I am always holding back. You just don’t know because you think I am an exhibitionist putting so much on display via social media. There is SO much you don’t hear or see because I don’t want to worry you and because I know, in all honesty, I can never promise you I will always be ok. That’s an “unknowable” for me and everyone with mental illness….just like you can’t guarantee you won’t have another heart attack once you’ve had one. You can eat healthy and exercise….show everyone you have changed your lifestyle but that really guarantees nothing. It just helps everyone worry a little less.

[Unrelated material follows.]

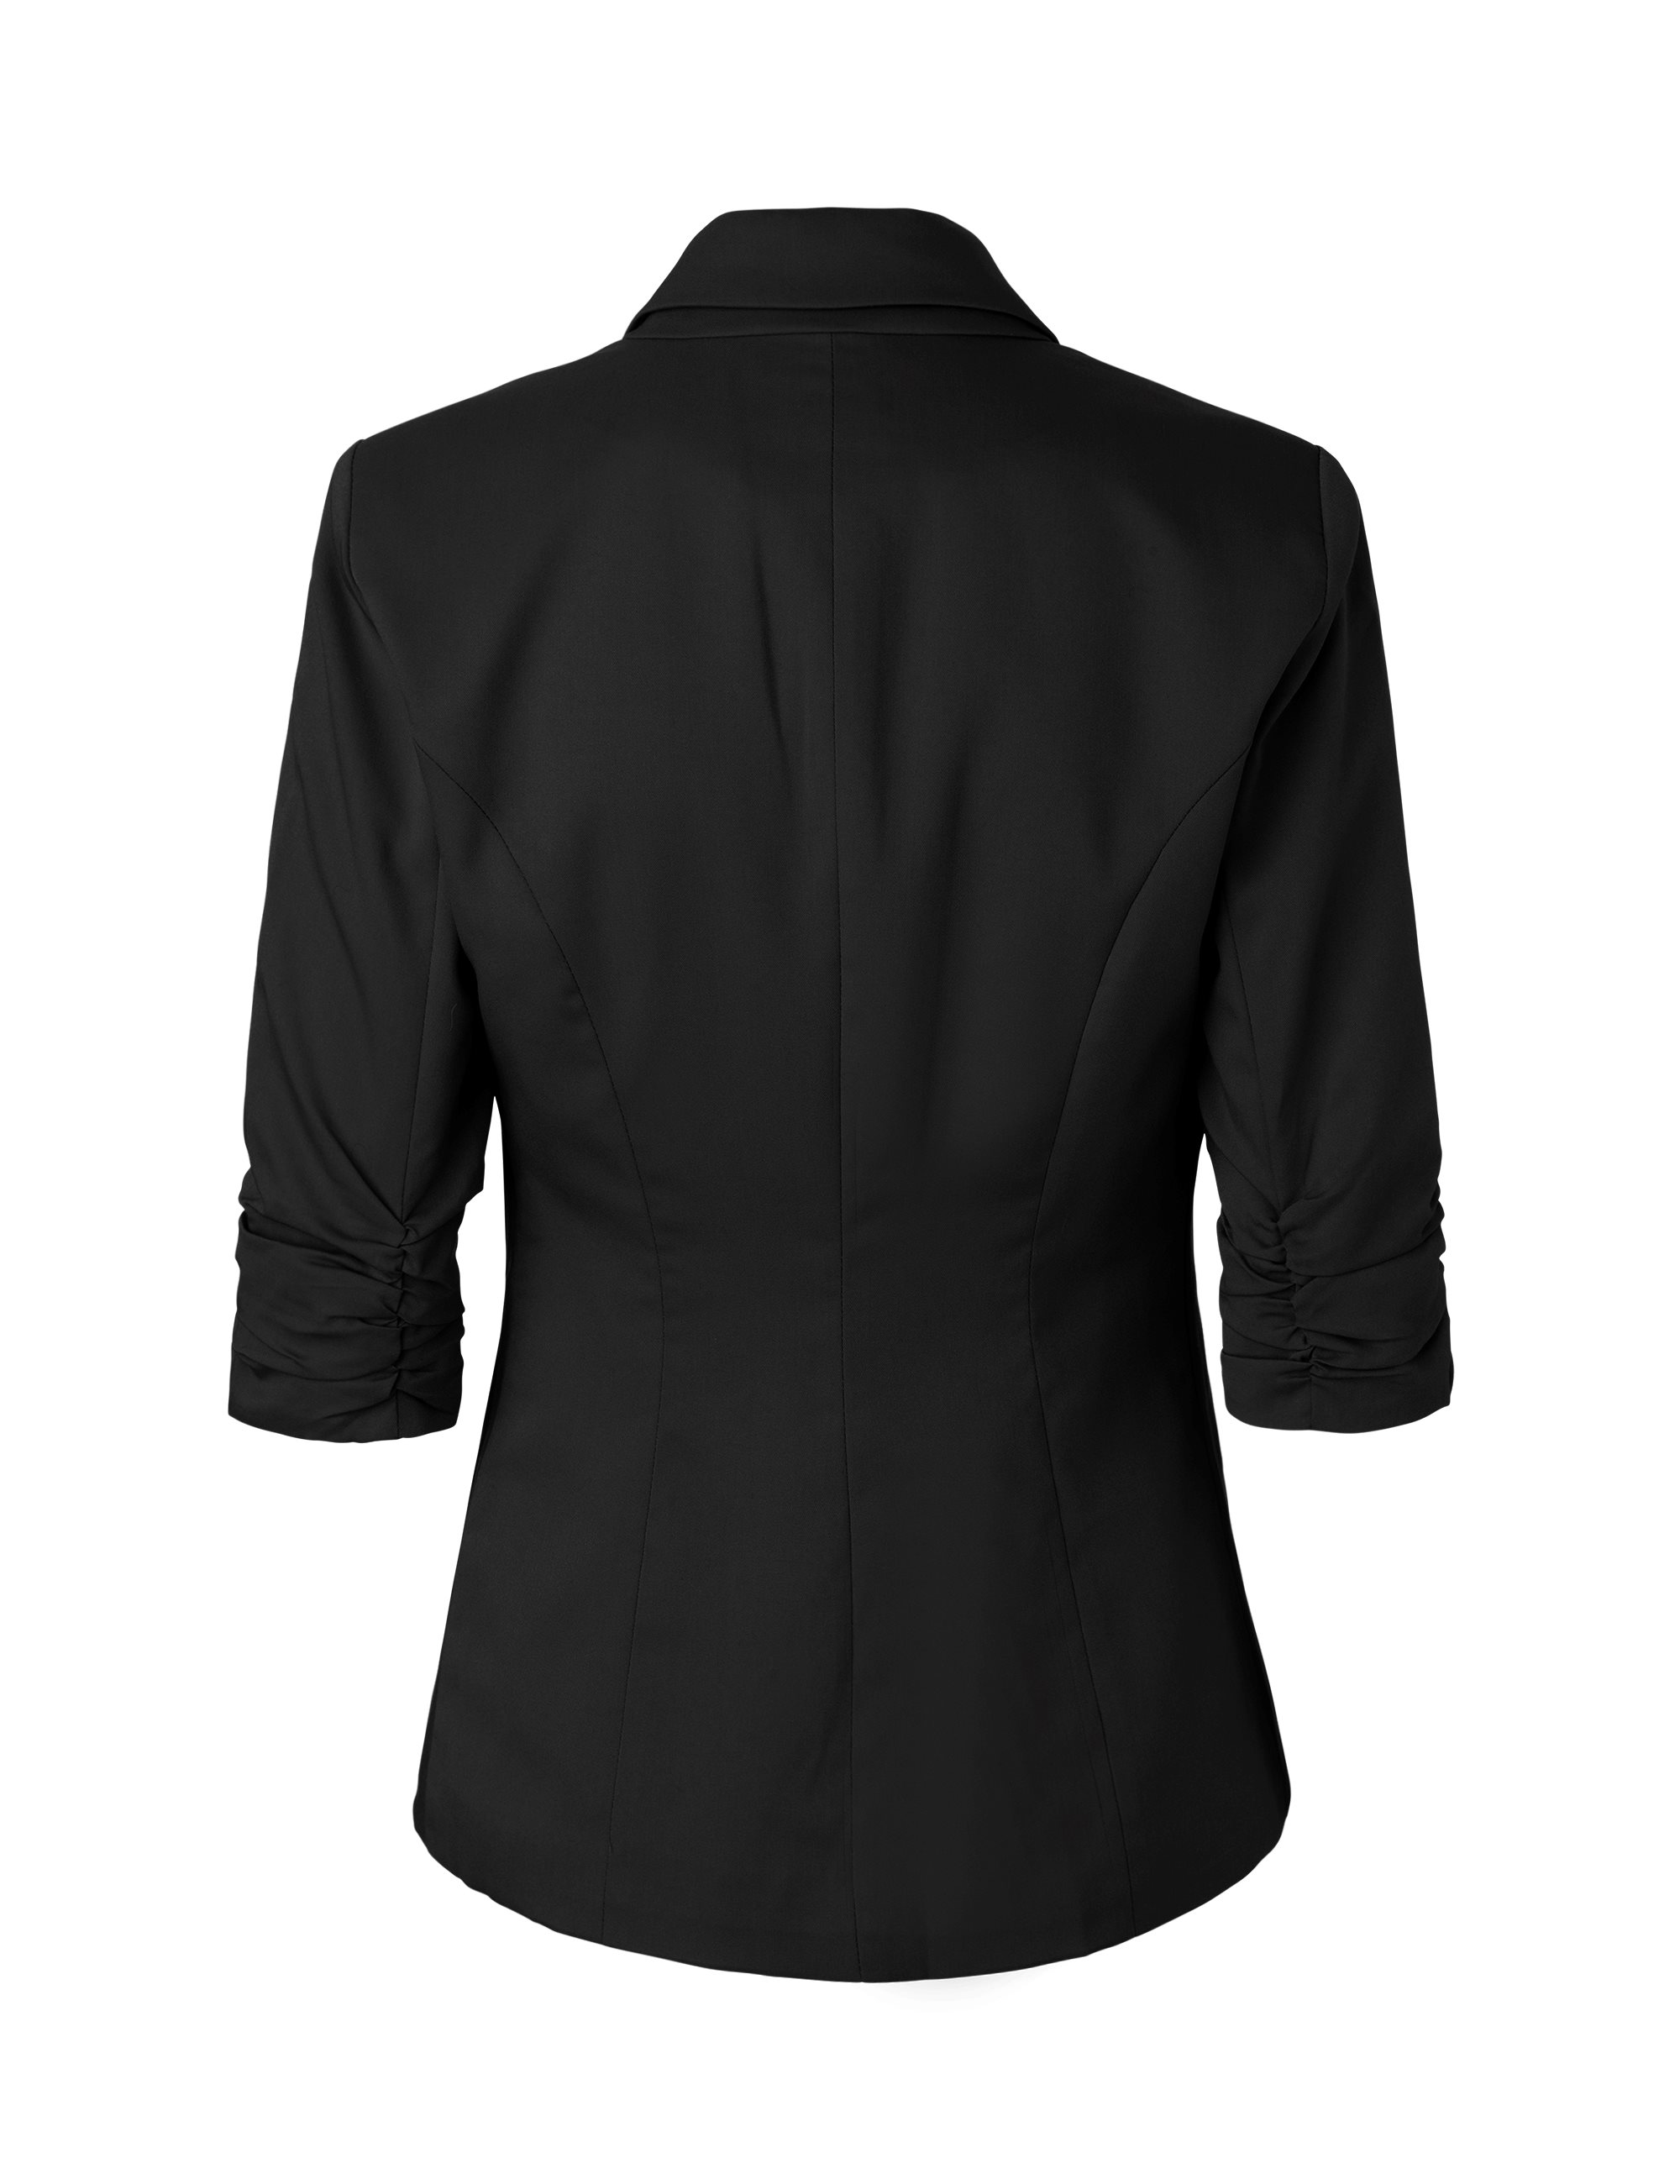 0bd22050161 mbyM Blazers | Women's Jackets & Coats | mbyM Outerwear

Upon my nephews’s 5th birthday, I like to celebrate that I am 4 years separated from the worst night of my life. But that’s naive. There is no guarantee it or something like it wouldn’t happen again. I can’t control what that addled mess inside my skull decides to do with its errant neurotransmitters and broken synapses which trap serotonin and norepinephrine ( yep, both chemicals are busted in me) and prevent them from cycling through properly. And I can’t change that I either don’t want to tell you about it or I can’t mentally recognize it on my own to know to tell you about it. That’s why all those posts telling people like us to ask for help are selfishly ignorant. You know as well as I do I can’t ask for help when my brain turns inside out. You just sleep better thinking you have done your part. But you actually have to have the balls to help me and do it in such a way where I don’t feel shamed. Not an easy task at all. But I know 2 people who have been able to do it for me which gives me a little hope. They don’t look at me as fragile every day. They just have their eyes open enough to recognize the very precise and rare moments I am straddling the edge on tip toes.